Из Пскова поветрие переметнулось на Новгород. Весь до последнего человека вымер Белозерск. Болезнь проникла в Смоленск, оттуда речным путём — в Чернигов, Киев. Участь Белозерска постигла город Глухов. И вот теперь, окольцевав Междуречье, смерть напоследок вползла и сюда. Уже в Суздале люди кровью плюют. В дни Великого поста Семёну Ивановичу доложили, что и по Москве ходит невидимый ворог.
Голосили в подслеповатых посадских избах, угрюмо загудела колокольная медь наверху, в городских стенах. Началом марта помер митрополит Феогност, родом грек.
Но ещё митрополита не схоронили, как смерть без стука вошла во двор великого князя. Скоротечно умерли Семёновы младенцы, надежда его несбывшаяся — двухлетний Иван и только что народившийся Семён. Беда эта надломила невезучего родителя: тридцатишестилетний, он в считаные дни одряхлел душой и телом. И тут болезнь легко уязвила его, едва-едва успел в окружении духовника, братьев и старших своих бояр сказать, что кому завешает. Все волости с сёлами оставляет он княгине своей и своему… как тут скажешь?., если она уже понесла снова и если у неё родится сын, то вот ему, ей и ему он всё своё завещает… Бедный Семён Иванович! Эту его волю предсмертную записали, не посмели не записать, хотя каждый из присутствовавших чувствовал, что тут уже ум княжий помрачается — на этом вот наивном, прегордом и трогательном одновременно чаянии возможного наследника…
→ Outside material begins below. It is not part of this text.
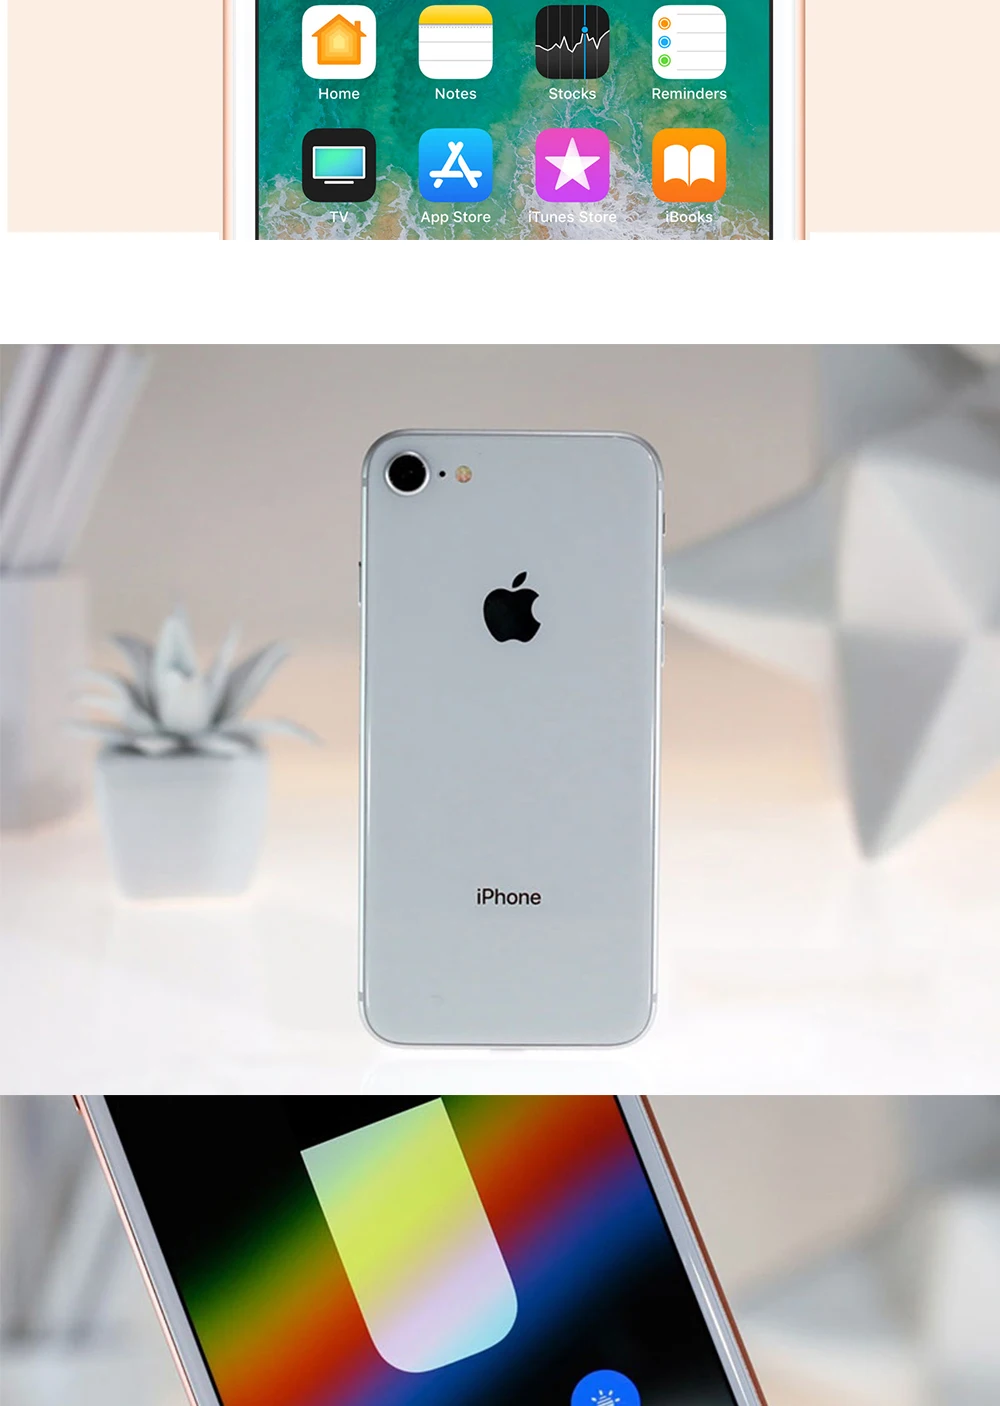 Apple iPhone 8 4,7 "4G LTE 2 Гб ОЗУ 64 Гб/256 Гб ПЗУ Беспроводная зарядка Hexa Core 12MP Touch ID IOS 11 Оригинальный разблокированный мобильный телефон

И ещё он сказал напоследок, обращаясь к братьям, будто что-то озарило его изнутри, выжгло там всё сумеречное и бредовое. «Братья, — сказал он, — отец приказал нам жить заодин, так и я вам приказываю заодин жити. А лихих людей не слушайте, которые начнут вас натравливать друг на друга, но слушайте отца вашего владыку Алексея, а также старых бояр, что хотели отцу нашему добра и нам хотят. А записывается вам слово сие для того, чтобы не престала память родителей наших и свеча бы не угасла».
И так была для них волнующа эта его притча о свече — не о чём-то громадном, а о тоненькой зыбкой свече, которую ничего не стоит задуть, измять в руке, растоптать сапогом, но которая так пронзительно и сладко прикоснулась сейчас острым язычком к их душам! Много ли значит робкий её свет перед беспредельностью внешнего мрака, но от свечи зажигают свечу, а от той ещё одну, и ещё, и сколько раз они видели это, да смотрели, значит, бездумно, а брат их умирающий в простом и привычном прозрел то, что нужно им с растроганной благодарностью принять как завет: чтобы свеча наша не угасла.
Отнесли брата в собор Архангела Михаила, туда, где и отец их лежит, опустили у южной стены в гробницу, вытесанную из белого камня.